Dengan sistem pemilihan Presiden langsung, indikasi meningkatnya mobilitas investasi suara juga semakin terlihat, antara lain dari beralihnya pendukung Megawati ke SBY, dan juga menurunnya, perolehan suara partai-partai "tradisional" yang semata-mata mengandalkan loyalitas primordial tanpa mengolahnya menjadi sebuah citra baru. Mobilitas itu pun bukan semata disebabkan perubahan citra atau perubahan kinerja, tetapi juga runtuhnya ekuilibrium antara citra dan kinerja.

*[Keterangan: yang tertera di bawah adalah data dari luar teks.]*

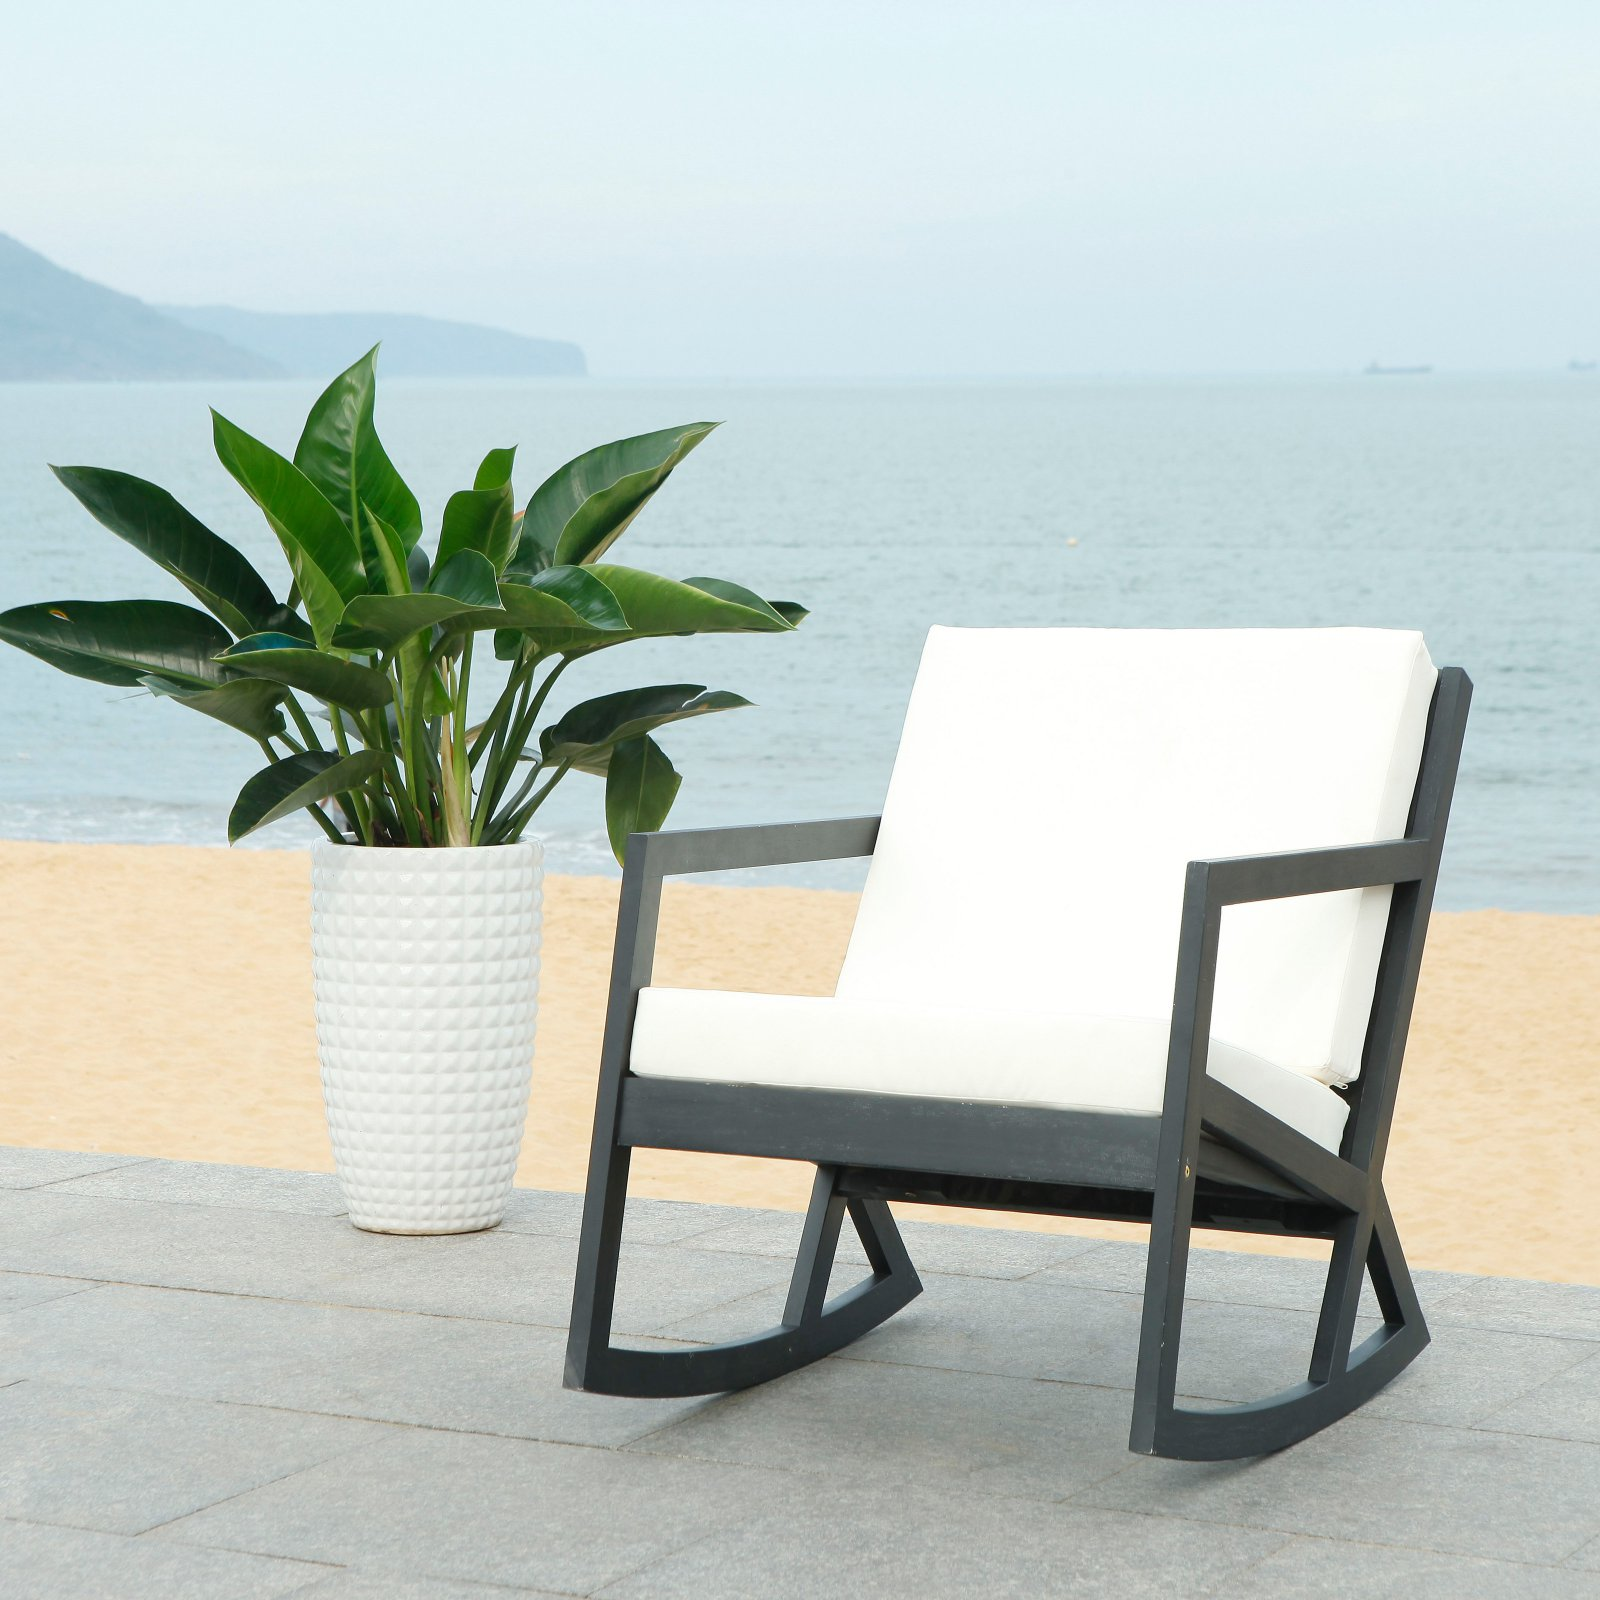 Safavieh Vernon Indoor/Outdoor Modern Rocking Chair with Cushion

Siklus boom and bust juga akan berlaku untuk bubble politics SBY. Setelah boom Pemilu 2004, SBY mungkin akan memasuki periode bust bila dia gagal menjaga ekuilibrium antara citra dan kinerja. Pertama, bila kinerja SBY kurang baik, namun di lain pihak terus "memompa" citra tokoh perubahan dengan janji-janji yang memperbesar ekspektasi publik. Kedua, bila kinerja SBY mengha- silkan perubahan nyata, tetapi menemui masalah komunikasi, atau terganggu citra para pembantunya, dalam memasyarakatkan prestasi tersebut untuk merawat citranya sebagai tokoh perubahan di mata publik.
Tentu SBY boleh mengatakan "I don’t care" dengan semua hal di atas bila tak berniat mencalonkan diri sebagai presiden untuk kedua kalinya, dan ingin sejarah menulis dirinya sebagai just another president.